--- About this exercise ---
Leaving the pictures aside, repeat every line below exactly.

--- Dataset excerpt ---
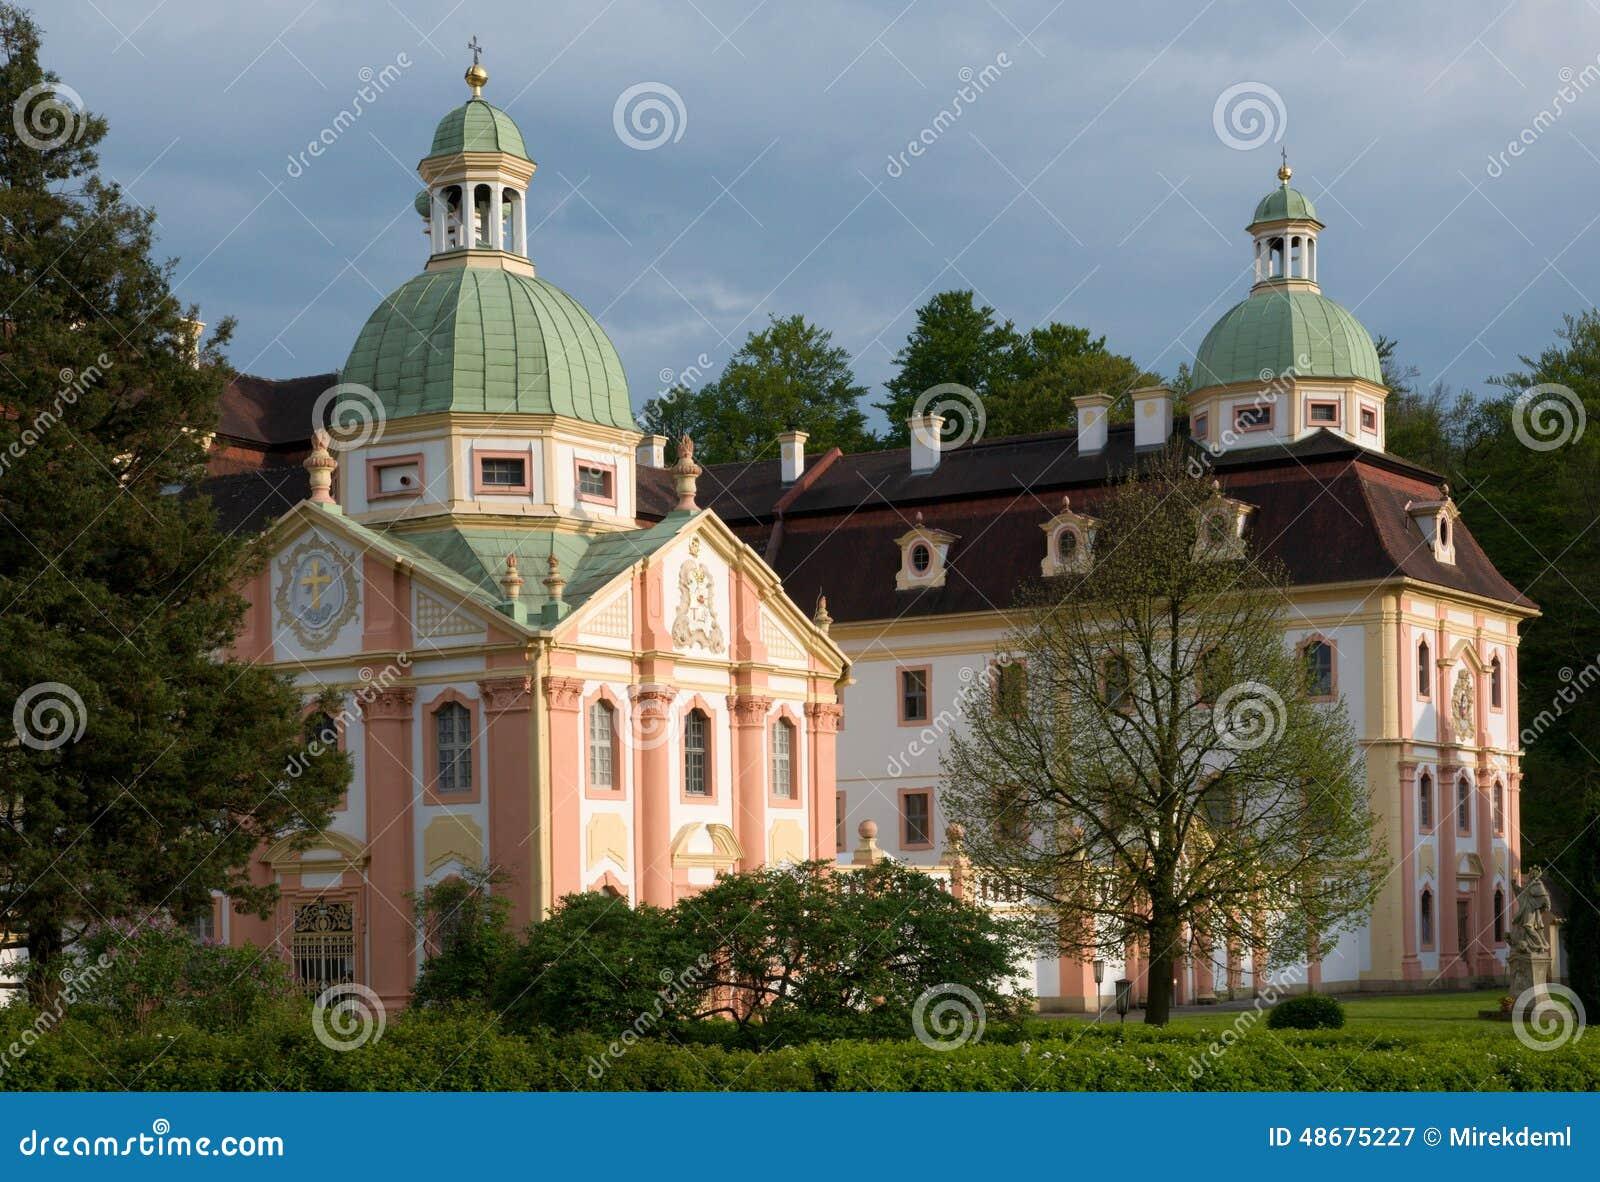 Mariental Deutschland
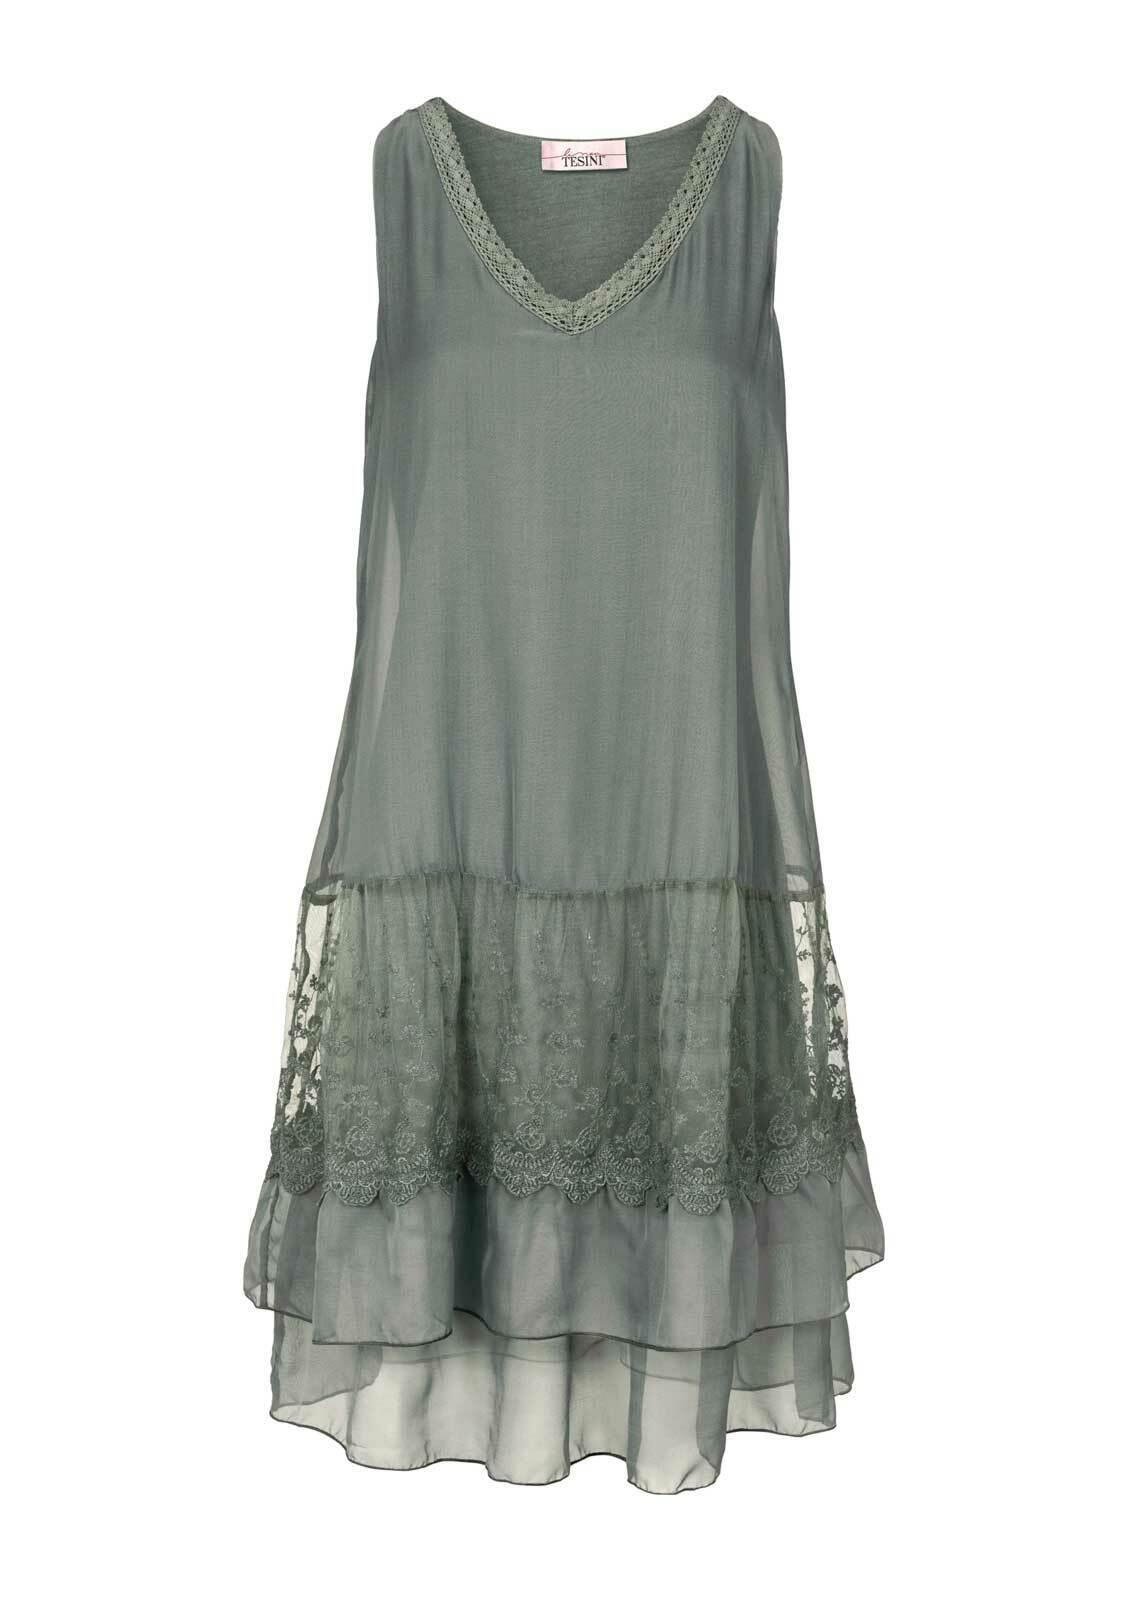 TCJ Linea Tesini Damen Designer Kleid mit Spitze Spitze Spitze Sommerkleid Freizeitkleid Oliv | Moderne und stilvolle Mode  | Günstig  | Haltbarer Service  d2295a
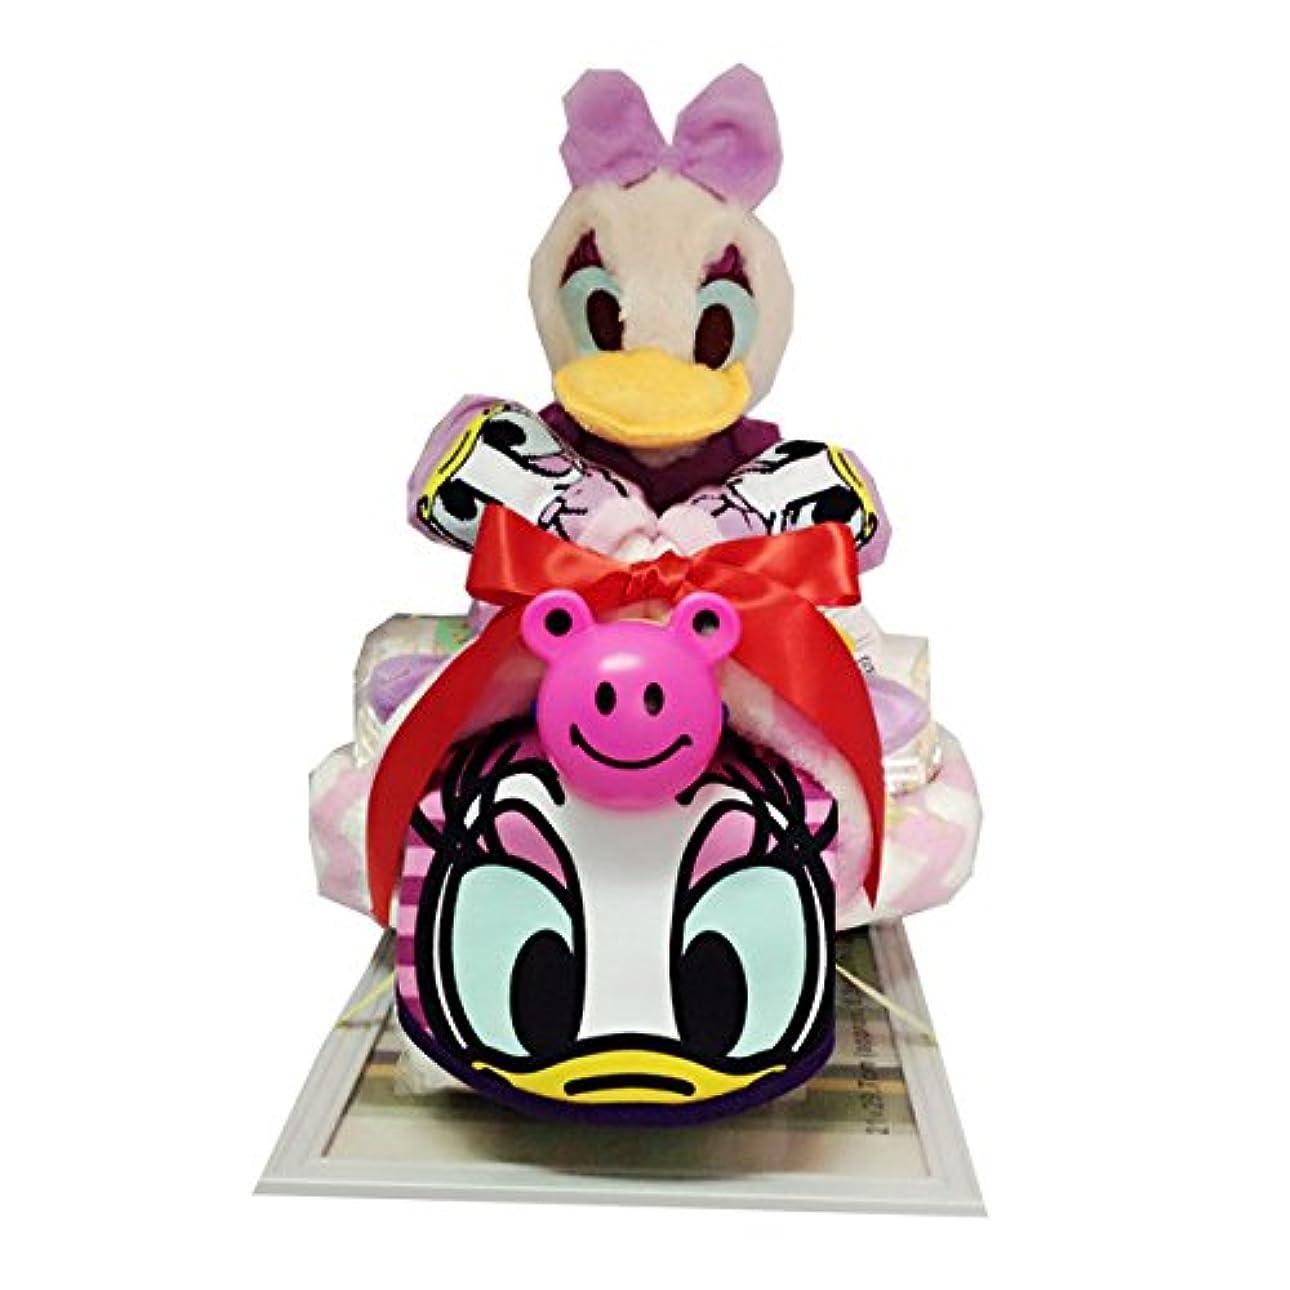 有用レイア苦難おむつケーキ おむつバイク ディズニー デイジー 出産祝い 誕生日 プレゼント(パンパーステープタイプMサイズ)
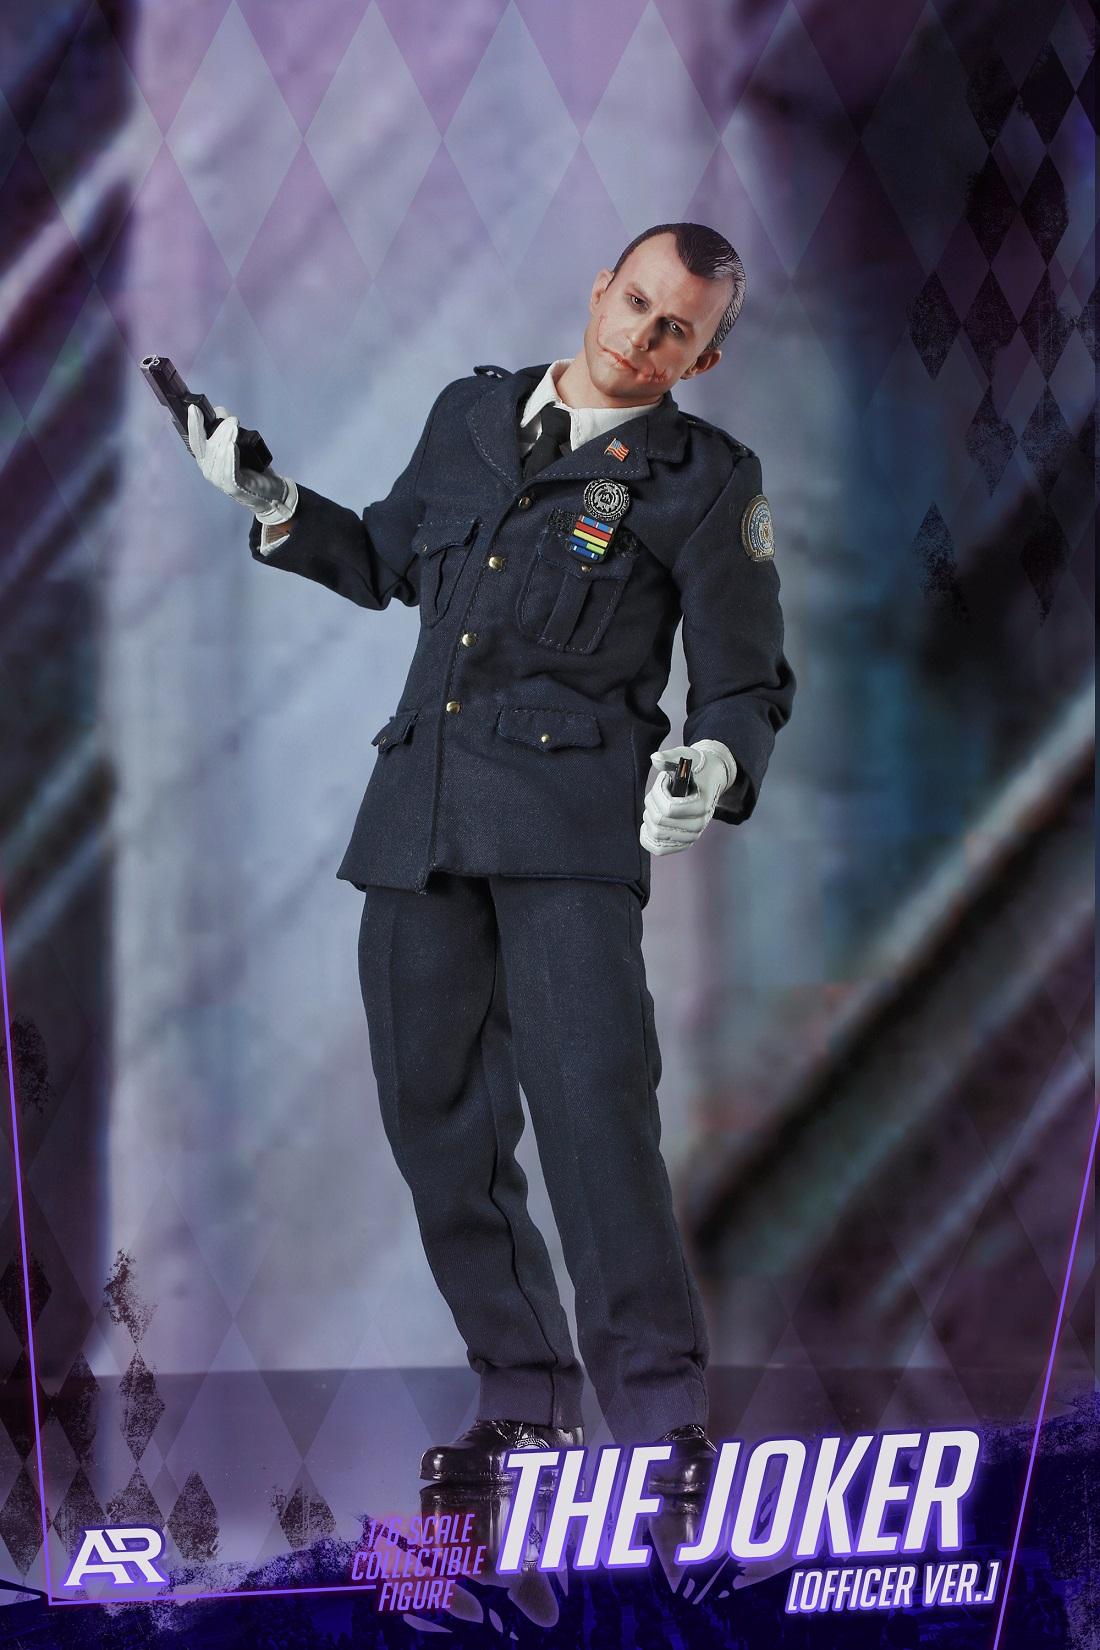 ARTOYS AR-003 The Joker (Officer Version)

--- Solution below ---
 Mariental Deutschland
 TCJ Linea Tesini Damen Designer Kleid mit Spitze Spitze Spitze Sommerkleid Freizeitkleid Oliv | Moderne und stilvolle Mode  | Günstig  | Haltbarer Service  d2295a
 有用レイア苦難おむつケーキ おむつバイク ディズニー デイジー 出産祝い 誕生日 プレゼント(パンパーステープタイプMサイズ)
 ARTOYS AR-003 The Joker (Officer Version)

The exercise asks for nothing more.